[[ Given records open ]]

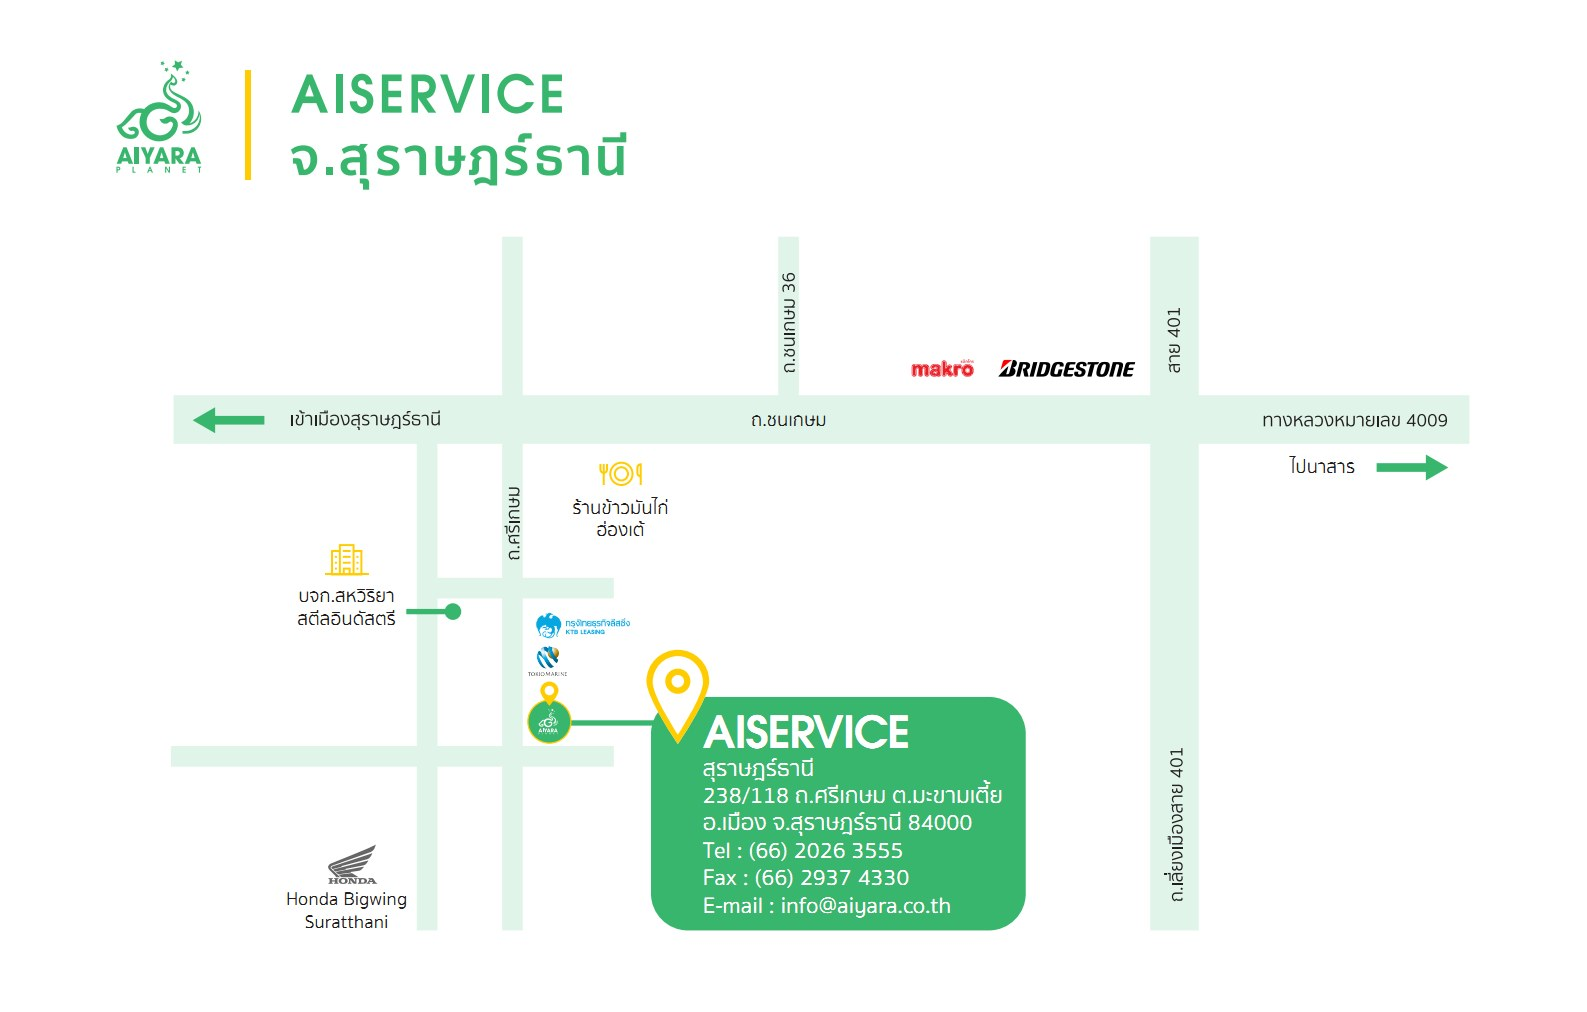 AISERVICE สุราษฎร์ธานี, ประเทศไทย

[[ Given records closed ]]
[[ Given records open ]]

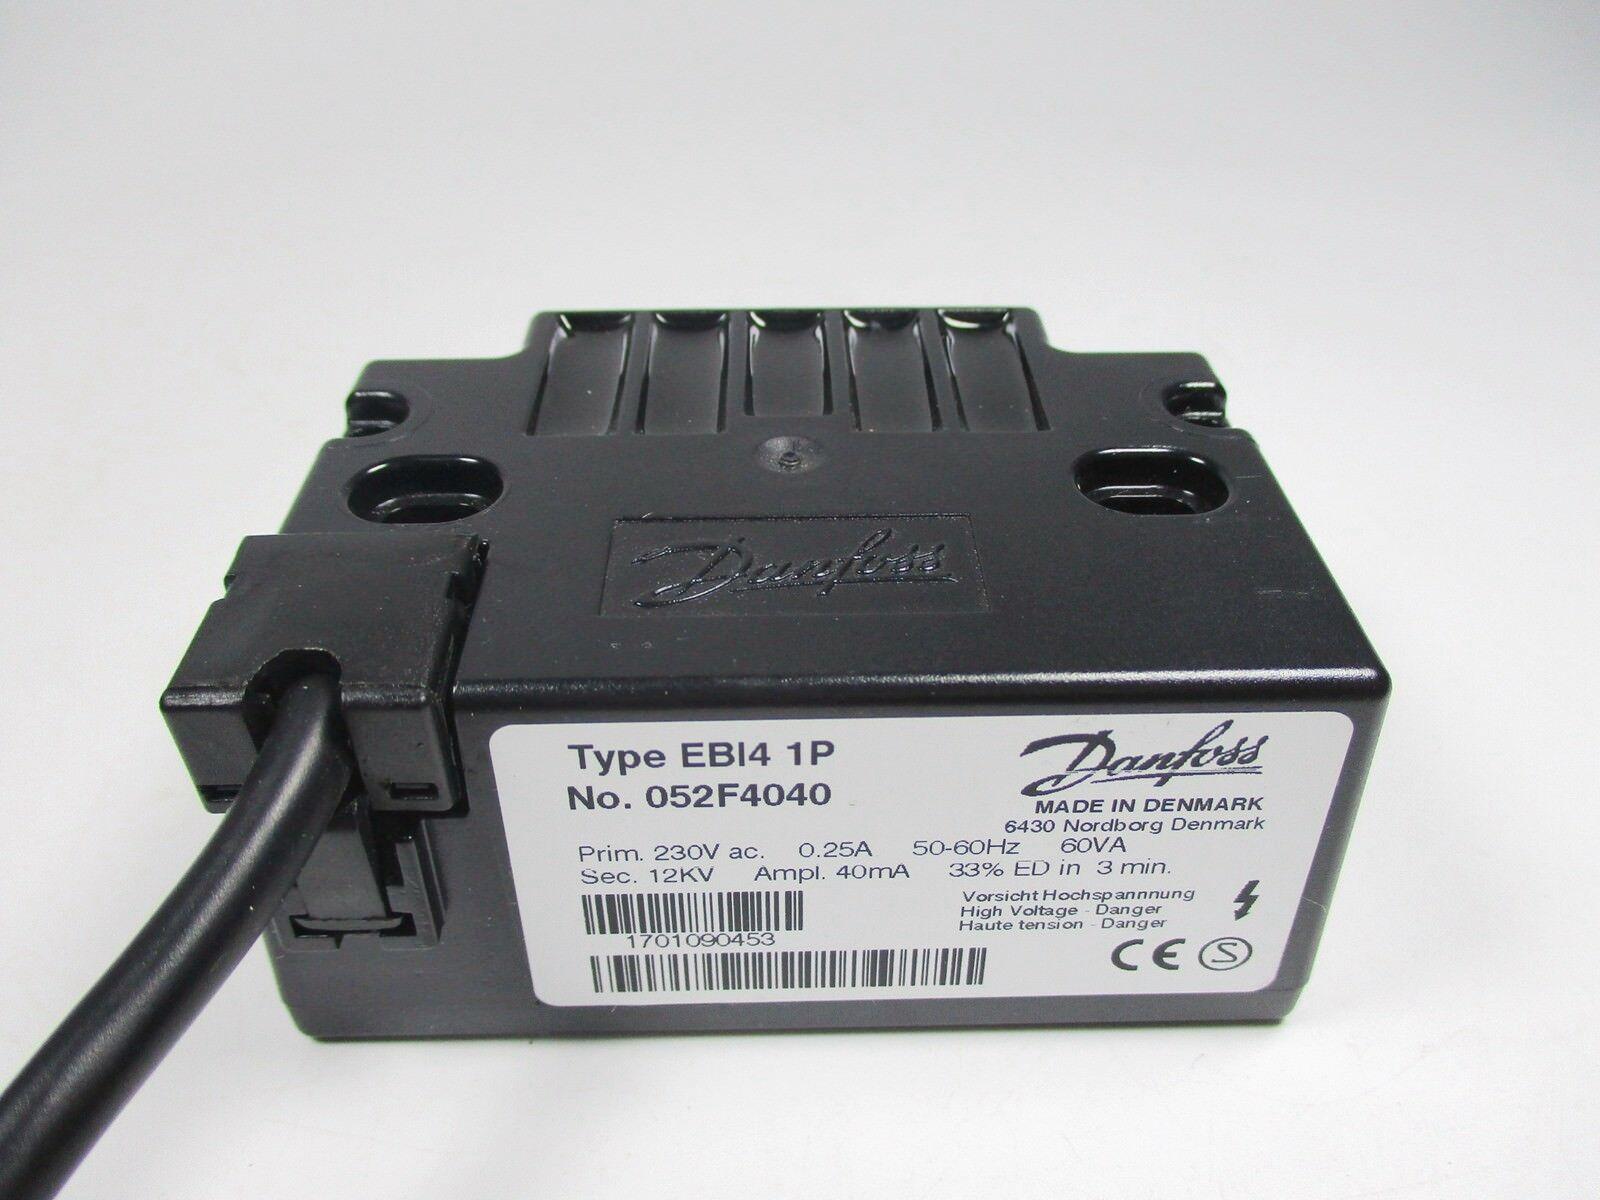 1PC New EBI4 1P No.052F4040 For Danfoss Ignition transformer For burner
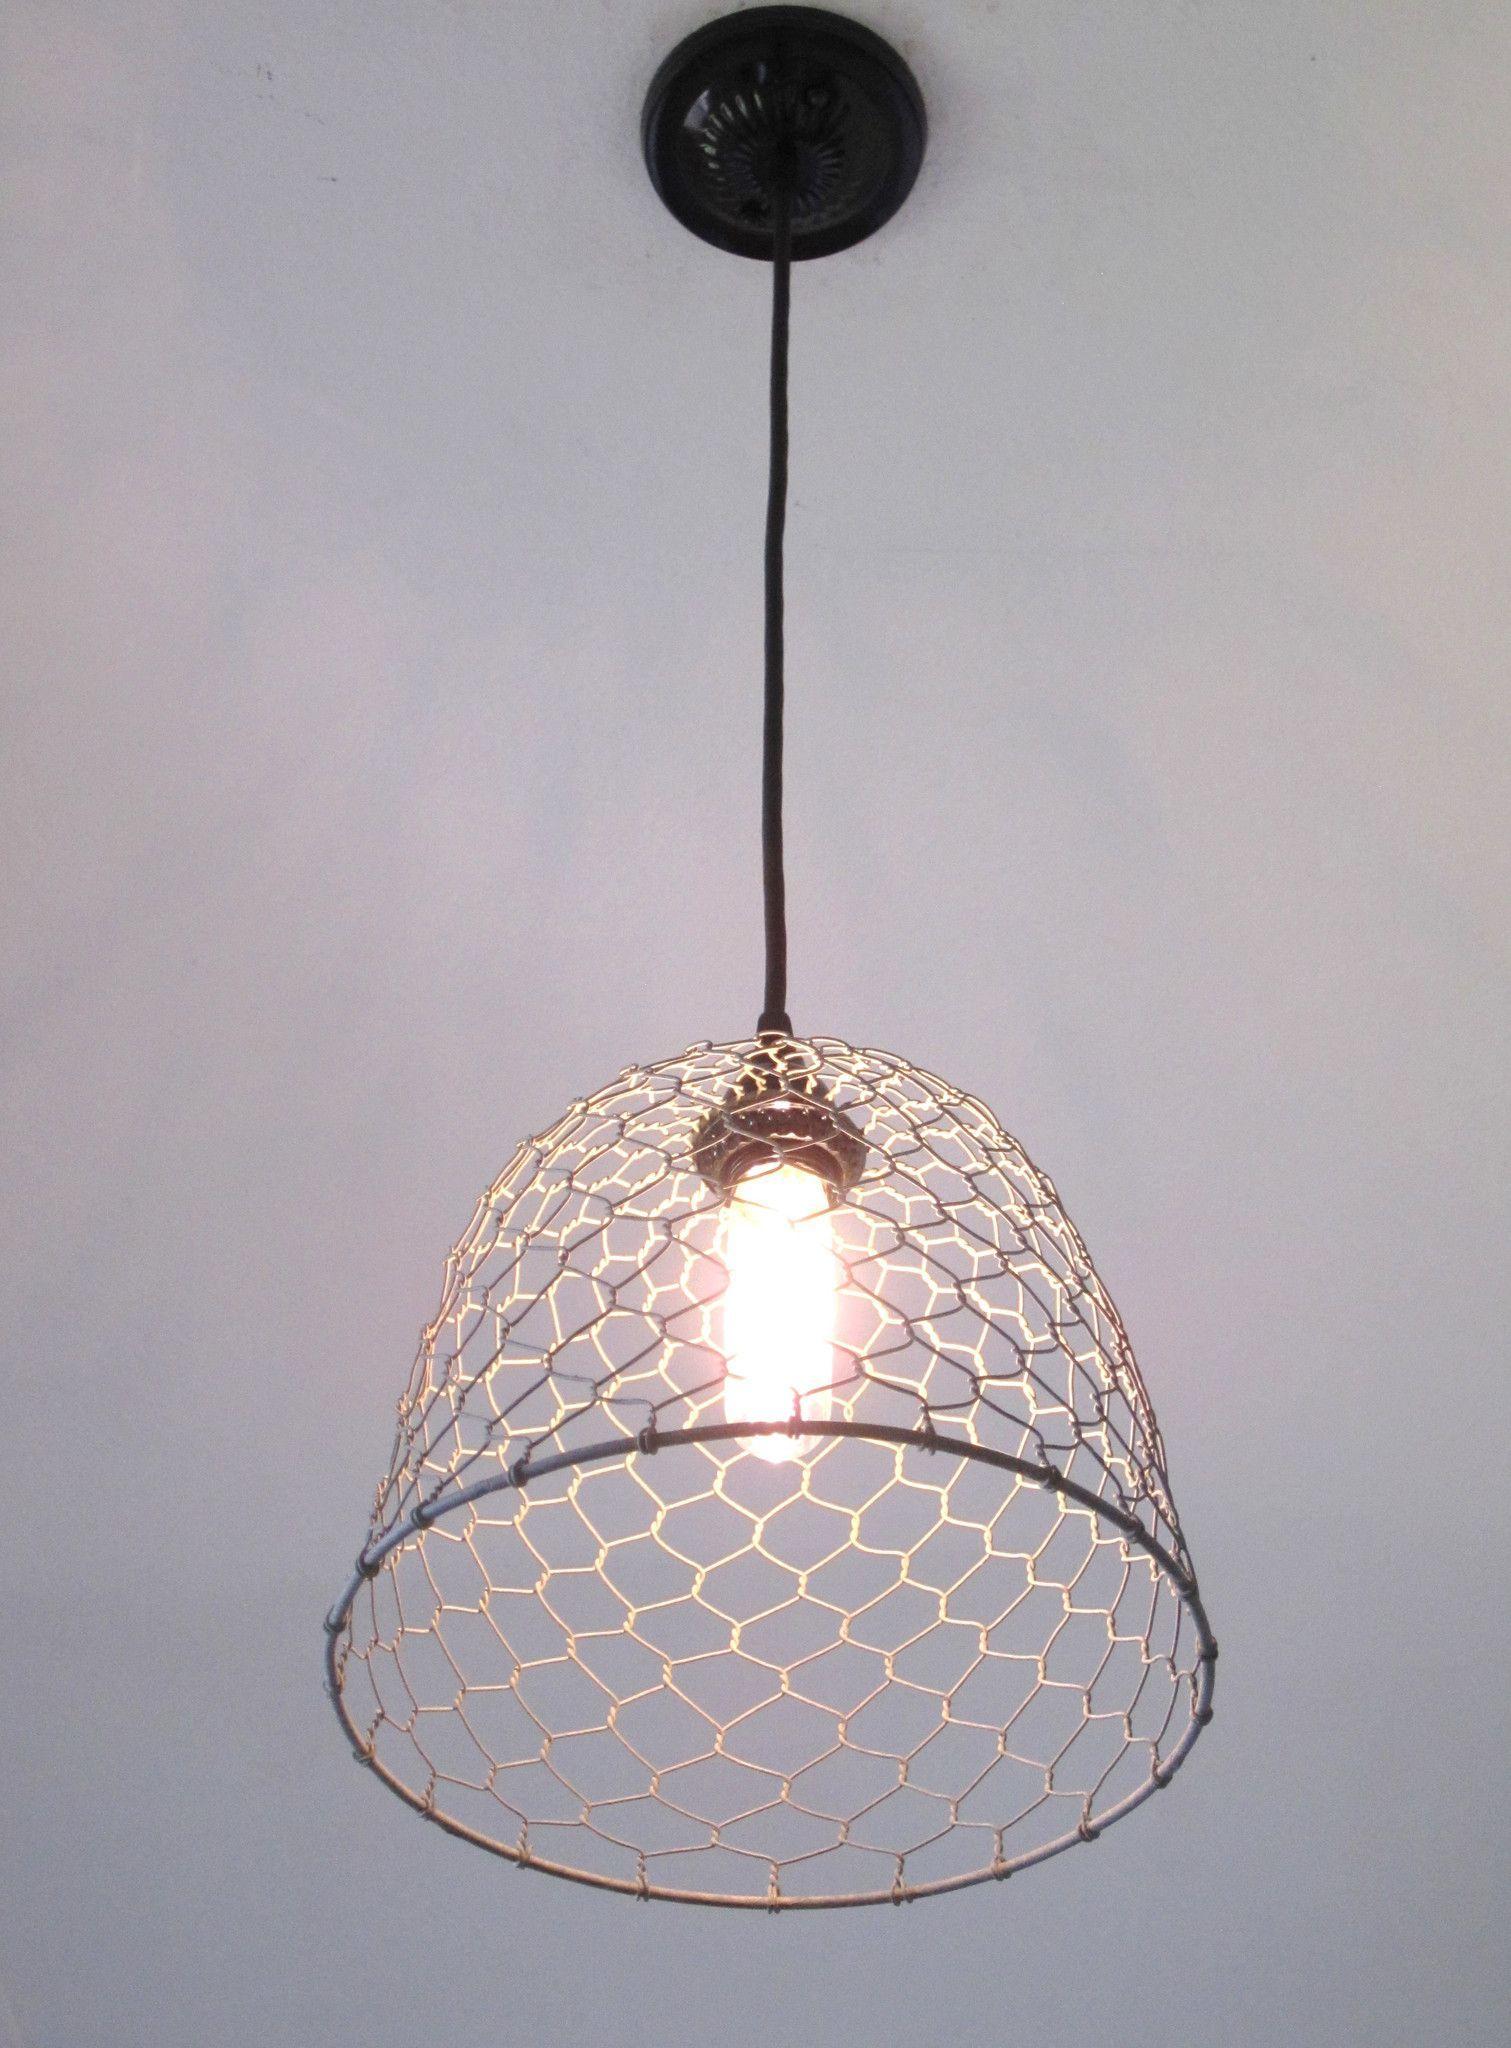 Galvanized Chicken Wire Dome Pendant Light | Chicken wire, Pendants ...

[[ Given records closed ]]
[[ Given records open ]]

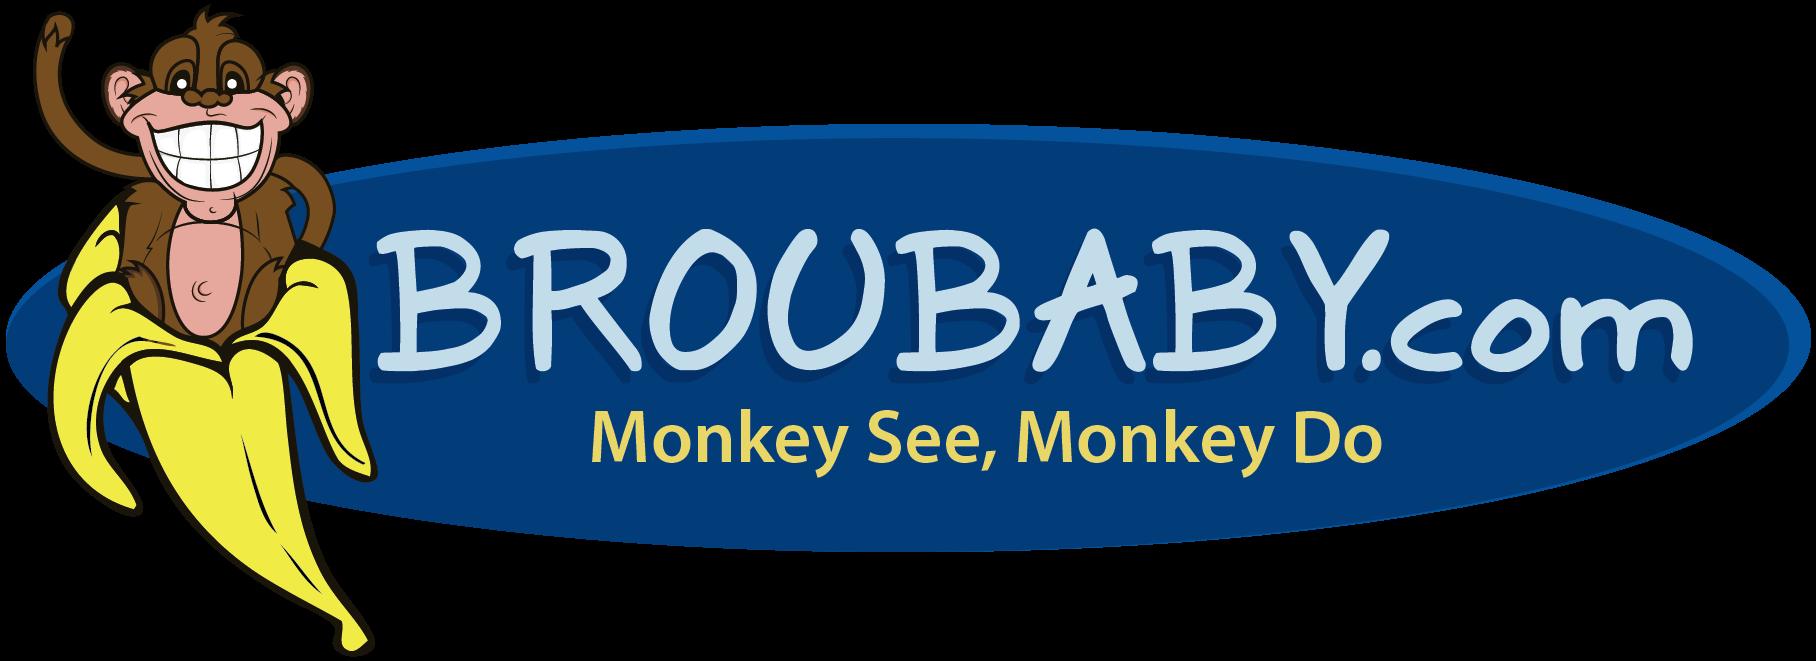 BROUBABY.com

[[ Given records closed ]]

## What is needed
The result should be an exact copy of only the lines above from the one that holds "1PC New EBI4" through the one that holds "Galvanized Chicken Wire", both ends included, without pictures.

## Solved exercise
 1PC New EBI4 1P No.052F4040 For Danfoss Ignition transformer For burner
 Galvanized Chicken Wire Dome Pendant Light | Chicken wire, Pendants ...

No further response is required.